***** TASK INPUT *****
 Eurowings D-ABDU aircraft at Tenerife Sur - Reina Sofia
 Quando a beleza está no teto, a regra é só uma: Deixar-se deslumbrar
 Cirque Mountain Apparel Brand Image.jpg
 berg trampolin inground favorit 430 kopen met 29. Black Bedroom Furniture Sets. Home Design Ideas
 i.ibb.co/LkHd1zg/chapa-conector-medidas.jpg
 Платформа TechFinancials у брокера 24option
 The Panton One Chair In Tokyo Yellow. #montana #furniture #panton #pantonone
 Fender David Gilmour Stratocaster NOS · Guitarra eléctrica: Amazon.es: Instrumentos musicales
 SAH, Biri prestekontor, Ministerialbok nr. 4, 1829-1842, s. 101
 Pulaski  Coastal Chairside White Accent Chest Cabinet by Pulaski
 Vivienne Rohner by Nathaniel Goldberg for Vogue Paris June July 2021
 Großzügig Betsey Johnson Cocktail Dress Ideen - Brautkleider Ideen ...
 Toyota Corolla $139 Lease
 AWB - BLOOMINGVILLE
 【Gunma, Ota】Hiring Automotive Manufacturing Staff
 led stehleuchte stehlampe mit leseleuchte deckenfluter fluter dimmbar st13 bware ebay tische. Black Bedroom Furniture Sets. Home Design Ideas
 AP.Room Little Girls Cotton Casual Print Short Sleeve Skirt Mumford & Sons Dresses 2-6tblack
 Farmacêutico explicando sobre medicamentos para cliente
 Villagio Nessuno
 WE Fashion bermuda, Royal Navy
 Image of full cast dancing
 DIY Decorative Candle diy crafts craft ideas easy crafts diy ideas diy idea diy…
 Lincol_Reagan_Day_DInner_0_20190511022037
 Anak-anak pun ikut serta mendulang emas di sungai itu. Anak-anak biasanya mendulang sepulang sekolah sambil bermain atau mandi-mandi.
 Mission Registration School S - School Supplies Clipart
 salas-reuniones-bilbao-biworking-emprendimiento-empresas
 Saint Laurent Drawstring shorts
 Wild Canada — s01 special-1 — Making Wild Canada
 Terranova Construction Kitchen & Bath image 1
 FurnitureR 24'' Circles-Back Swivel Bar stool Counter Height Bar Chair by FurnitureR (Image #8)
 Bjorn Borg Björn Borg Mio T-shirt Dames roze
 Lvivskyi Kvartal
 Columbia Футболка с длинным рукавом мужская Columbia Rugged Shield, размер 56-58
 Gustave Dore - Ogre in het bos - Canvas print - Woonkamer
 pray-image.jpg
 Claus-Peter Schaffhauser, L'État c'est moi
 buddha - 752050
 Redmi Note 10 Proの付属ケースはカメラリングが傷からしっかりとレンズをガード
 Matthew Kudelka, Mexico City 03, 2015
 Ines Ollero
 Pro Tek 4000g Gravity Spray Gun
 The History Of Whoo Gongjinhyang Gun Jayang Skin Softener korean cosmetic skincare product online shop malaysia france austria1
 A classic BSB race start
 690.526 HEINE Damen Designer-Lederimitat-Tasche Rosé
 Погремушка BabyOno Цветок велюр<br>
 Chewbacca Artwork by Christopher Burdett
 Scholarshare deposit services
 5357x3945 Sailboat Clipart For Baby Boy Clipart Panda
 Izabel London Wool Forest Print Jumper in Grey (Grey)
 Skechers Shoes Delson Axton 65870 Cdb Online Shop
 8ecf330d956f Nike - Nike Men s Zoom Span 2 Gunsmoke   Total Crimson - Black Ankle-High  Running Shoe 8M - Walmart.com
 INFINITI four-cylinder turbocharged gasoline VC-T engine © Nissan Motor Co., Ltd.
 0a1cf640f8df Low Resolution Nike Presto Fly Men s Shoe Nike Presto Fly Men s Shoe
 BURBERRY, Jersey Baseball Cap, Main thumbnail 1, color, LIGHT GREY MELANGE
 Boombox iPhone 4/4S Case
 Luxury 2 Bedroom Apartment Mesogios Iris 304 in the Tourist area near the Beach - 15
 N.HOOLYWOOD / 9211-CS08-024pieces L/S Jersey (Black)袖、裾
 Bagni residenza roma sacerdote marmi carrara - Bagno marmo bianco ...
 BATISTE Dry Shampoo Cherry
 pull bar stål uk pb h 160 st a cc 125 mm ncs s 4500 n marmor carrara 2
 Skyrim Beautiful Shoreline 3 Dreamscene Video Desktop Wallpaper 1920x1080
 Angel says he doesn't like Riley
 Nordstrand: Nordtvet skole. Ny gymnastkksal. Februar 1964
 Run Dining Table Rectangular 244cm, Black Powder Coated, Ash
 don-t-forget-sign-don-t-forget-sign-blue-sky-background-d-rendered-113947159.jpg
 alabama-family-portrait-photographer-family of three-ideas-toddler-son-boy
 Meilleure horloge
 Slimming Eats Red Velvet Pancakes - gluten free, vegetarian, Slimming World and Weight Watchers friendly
*****
*TASK ITEM*:
Wherever a line above contains the string "Jersey", count it; then give the total alone.

*SOLUTION TO THIS TASK*:
2